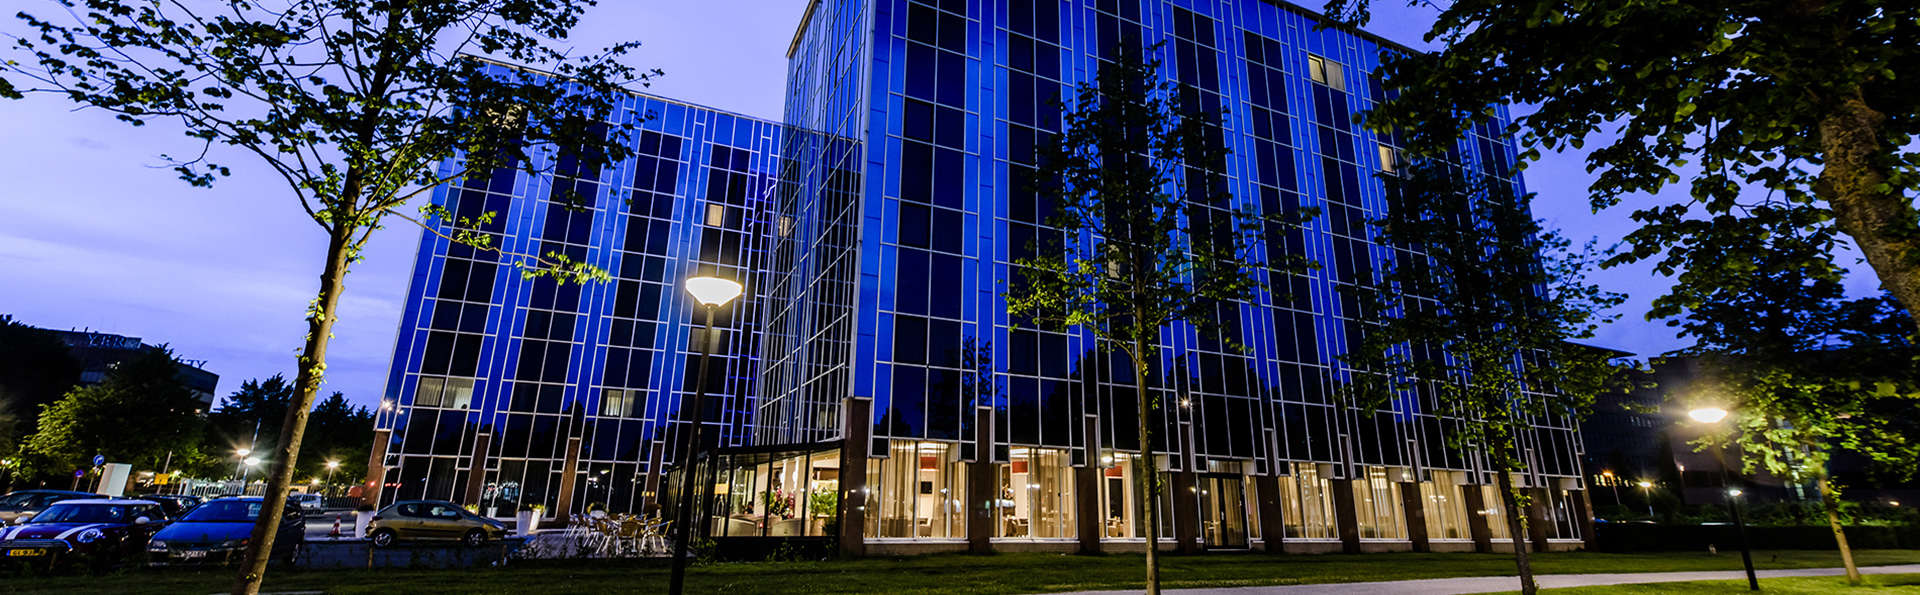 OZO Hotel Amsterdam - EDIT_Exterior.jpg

--

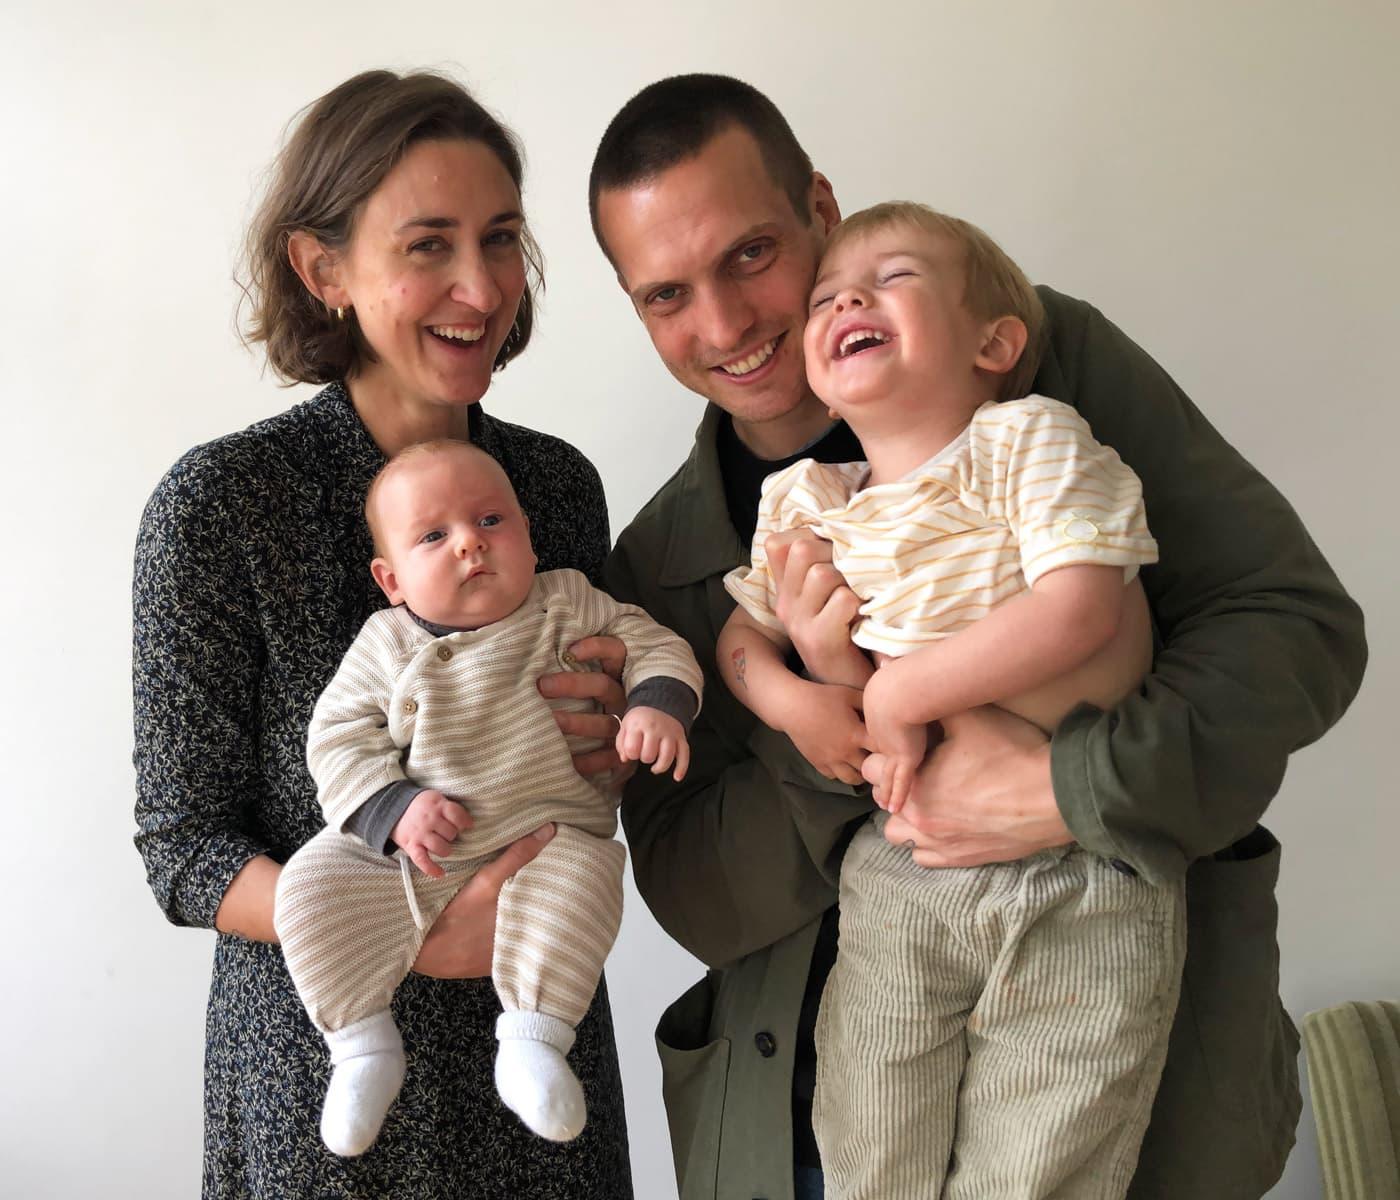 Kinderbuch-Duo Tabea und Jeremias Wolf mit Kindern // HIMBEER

* * *

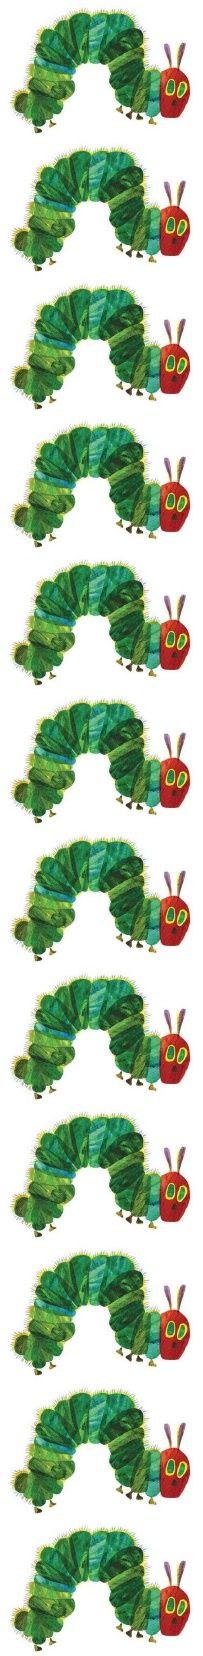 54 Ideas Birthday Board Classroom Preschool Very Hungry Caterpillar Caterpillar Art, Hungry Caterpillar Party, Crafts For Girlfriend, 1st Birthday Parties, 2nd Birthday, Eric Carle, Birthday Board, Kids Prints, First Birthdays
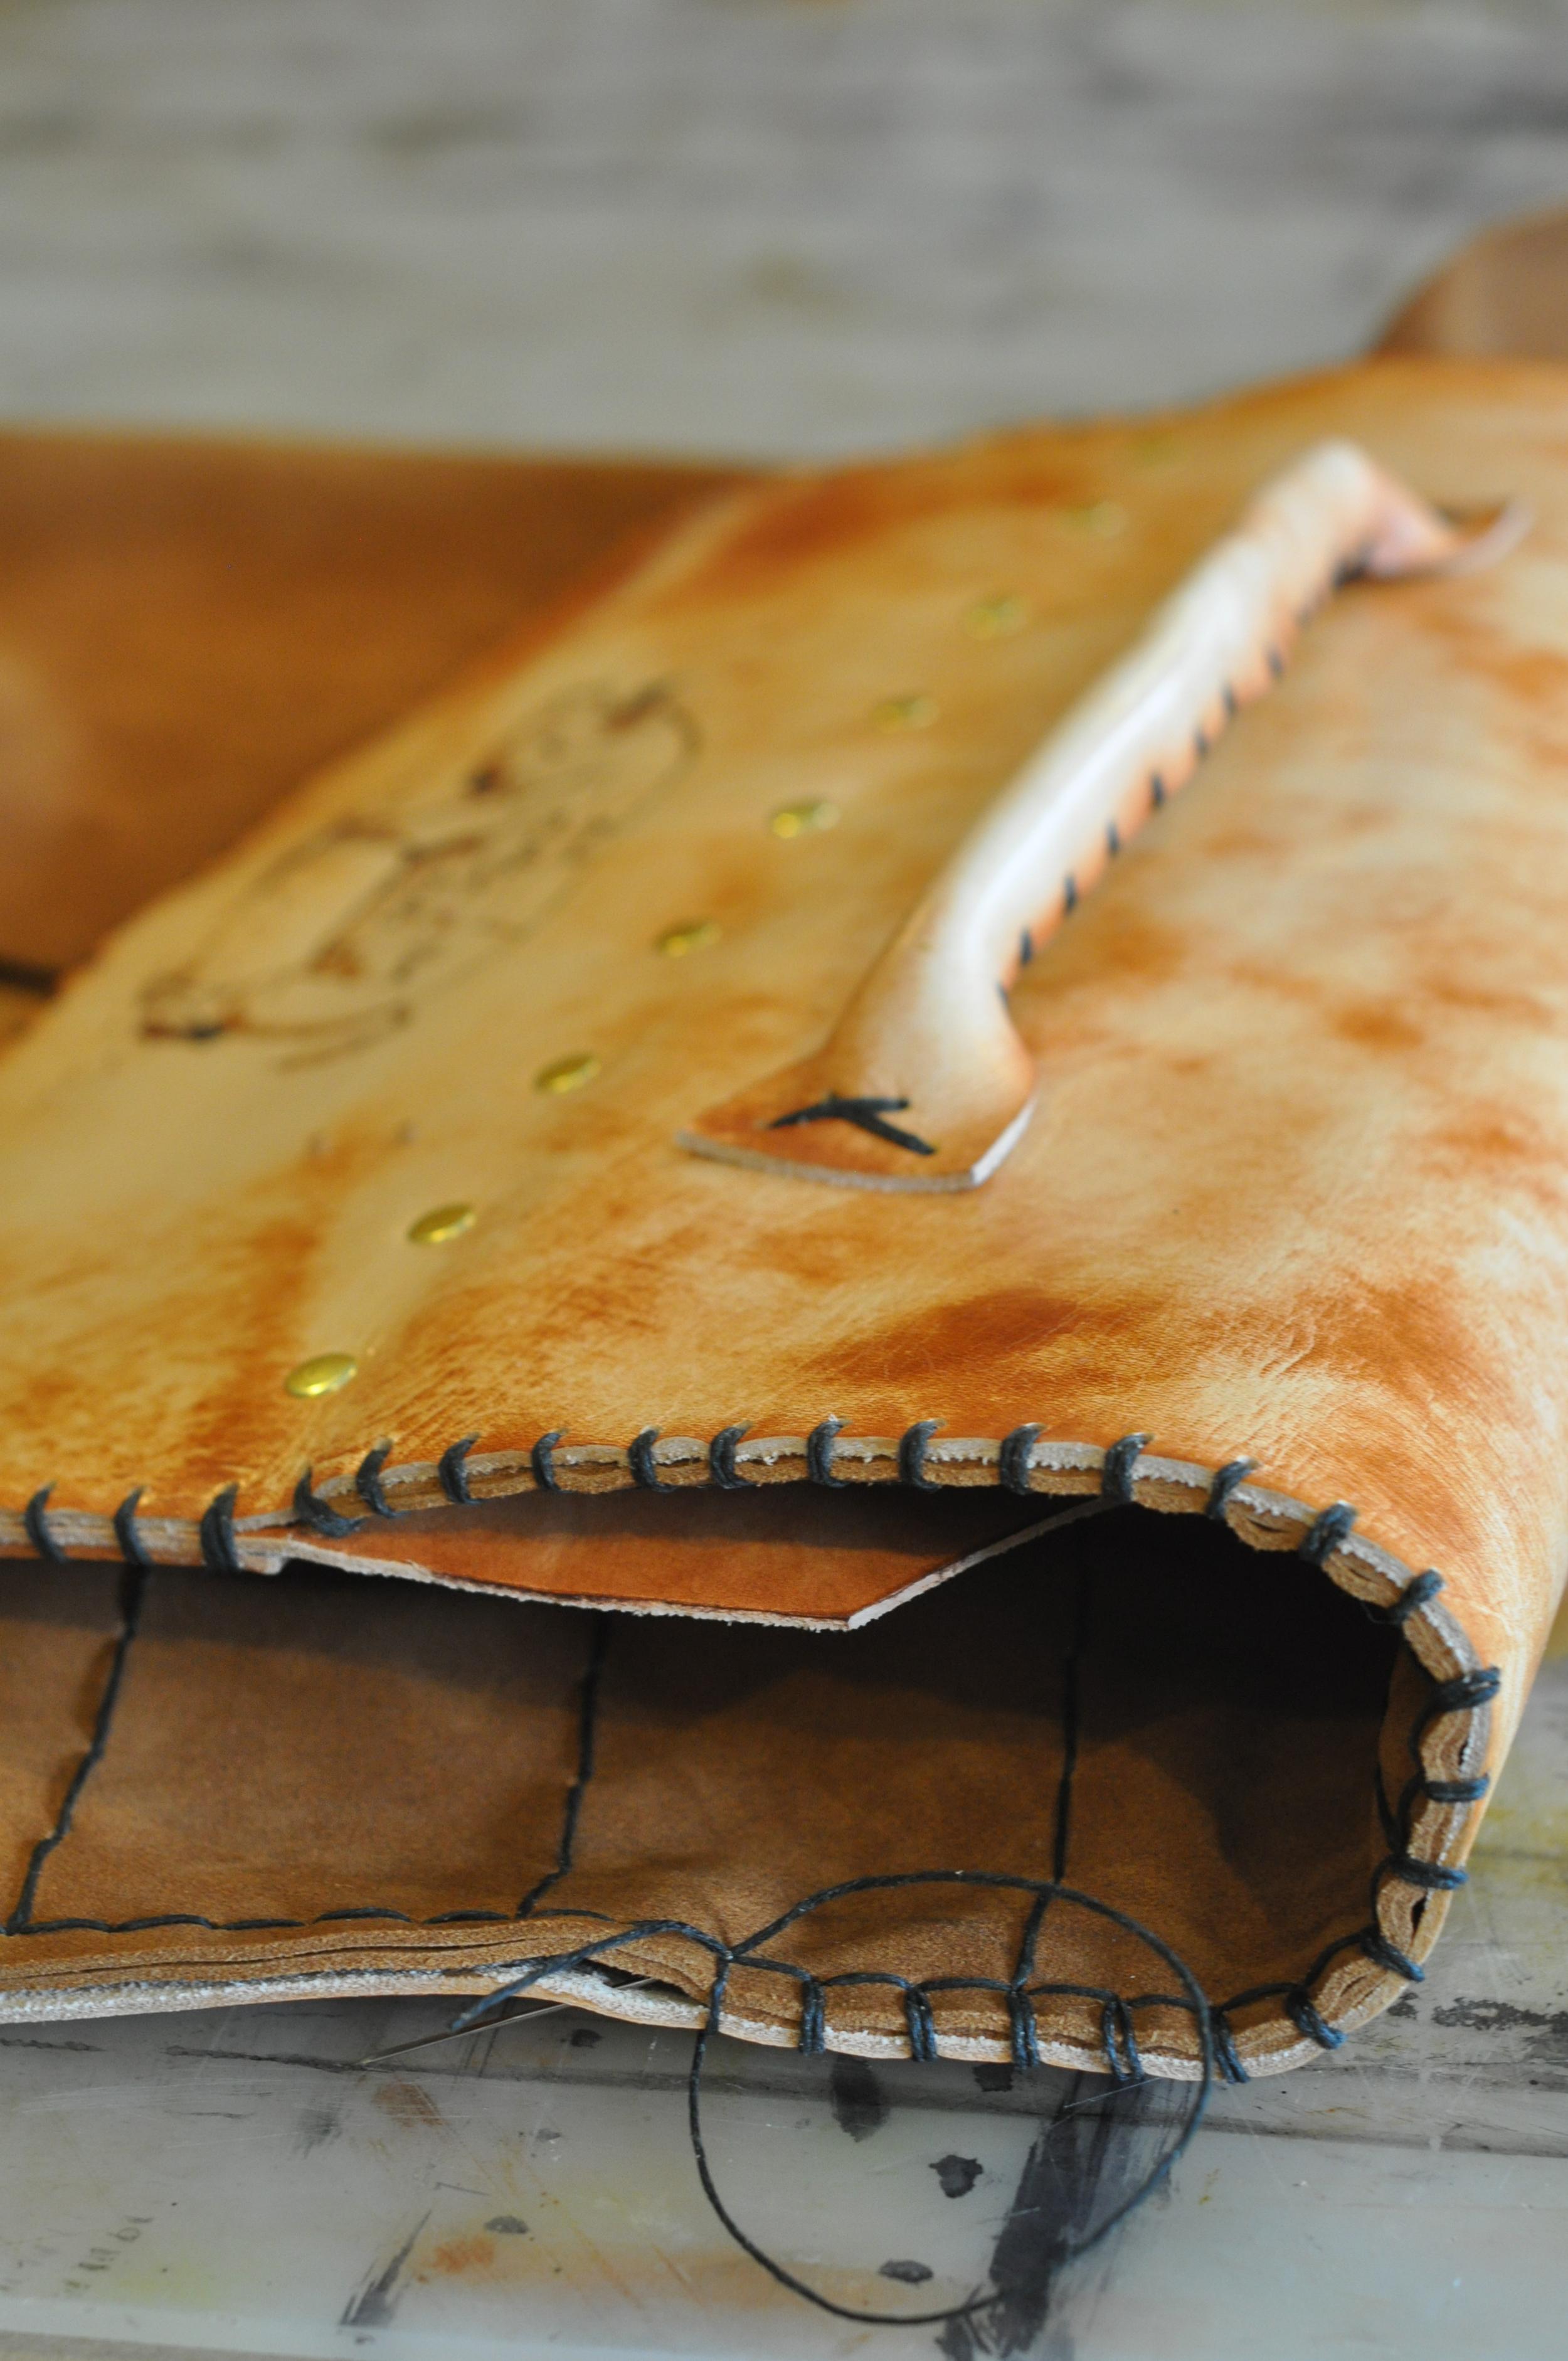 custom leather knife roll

Exercise directions:
From the records above, copy only the lines running from the line containing "54 Ideas Birthday" to the line containing "custom leather knife roll", both ends included. Leave the pictures out.

Solution to the exercise:
 54 Ideas Birthday Board Classroom Preschool Very Hungry Caterpillar Caterpillar Art, Hungry Caterpillar Party, Crafts For Girlfriend, 1st Birthday Parties, 2nd Birthday, Eric Carle, Birthday Board, Kids Prints, First Birthdays
 custom leather knife roll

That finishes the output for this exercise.